Short, fun novel with melancholy overtones. Feels a little inconclusive, but worth a read.

Theatre
Saw "The Container" in a shipping container outside the Young Vic. Short play about people-trafficking.

A little gimmicky but it works really well. The claustrophobic environment and complete blackouts give it a lot of extra impact. Really good sound design helps too. There are a series of speakers wired up to the outside, and something makes the container vibrate, so when the container's supposed to be moving, you can hear the other traffic "passing" on the road very realistically.

The actors use maglites to illuminate each other and there are a couple of lamps: you don't get a complete view but you can tell what's going on. Good acting with some intense performances.

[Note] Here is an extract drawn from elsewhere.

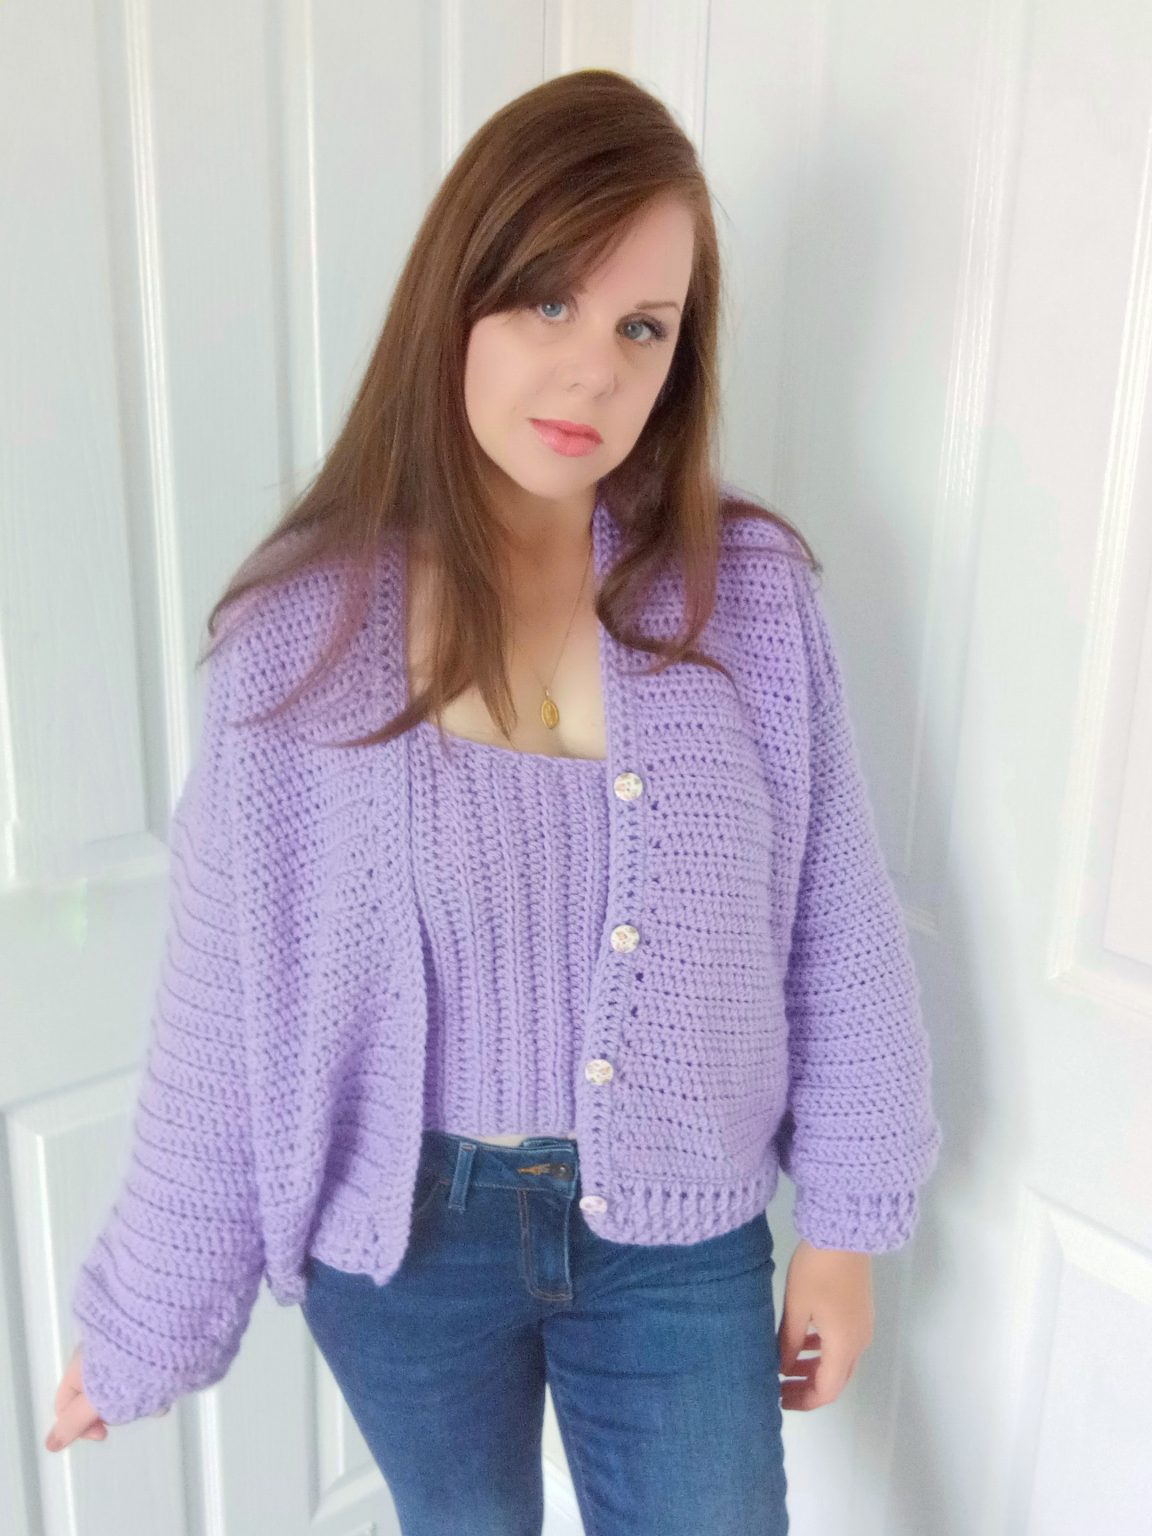 Crochet The Sweet Lilac Cardigan by Selina Veronique

Script could have been a little stronger. At times the dialogue gets a little bit too preachy and ironic, but on the whole it's powerful stuff.

Some of the critics have complained about the heat and the smell but we lucked out: went to a 9-o'clock show just after some rain, so the temperature inside was comfortable. Didn't really smell bad either, apart from a woody smell from the pallets.

The London run has sold out, but I suspect it will be going on the road. Definitely an interesting experience.

Interview, review, review, review, review, review.

Theatre 2
Saw Troilus and Cressida at the Globe. Haven't been there in ages, but wanted to try the groundling experience, standing in the open air in the courtyard like most of Bill's original audience.

First, it's cheap. Only £5, plus £2 delivery if you book online. Now a normal movie ticket is £8 in outer London, £12 in central London, so it's way cheaper than going to the movies.

Also, at least at 5'10'' or over you get a better view than from the galleries, where the pillars mean that the actors drift out of view.

The downside is that while probably better behaved than in Shakespeare's day, we still got 2 ringing mobiles, one person texting with key-beeps switched on, and several groups chatting amongst themselves. At least up high you've got some distance from the scurvy railing knaves.

Play itself was pretty decent, given that it's a tough one: not quite a comedy, not quite a tragedy, but a cynical play where the lofty ancients are thoroughly debased: Helen of Troy a dumb bimbo, Achilles an idle backstabber, Cressida a fickle Trojan strumpet.

The first half is played as a pretty broad comedy, going well beyond the traditional actorly use of the pelvic thrust to indicate each Elizabethan dick-joke. The cheesy love song is played as a broadway number. There's quite a lot of spectacle though: lots of drumming, lots of large-scale fight scenes on stage, and all the warriors are heavily tattooed from some reason. Fight scenes look a bit under-rehearsed at the moment. They're only a week into the run though, so they may yet tighten it up.

For the second half, they move more into tragic mode. It's a little disorienting trying to work out what's drama and what's melodrama: there was some audience laughter when I don't think that's quite what they wanted.

Paul Hunter steals the show as a brilliantly over-the-top ad-libbing Thersites. Matthew Kelly makes a mostly decent fist of proto-pimp Pandarus, though he dissolves a bit at the end.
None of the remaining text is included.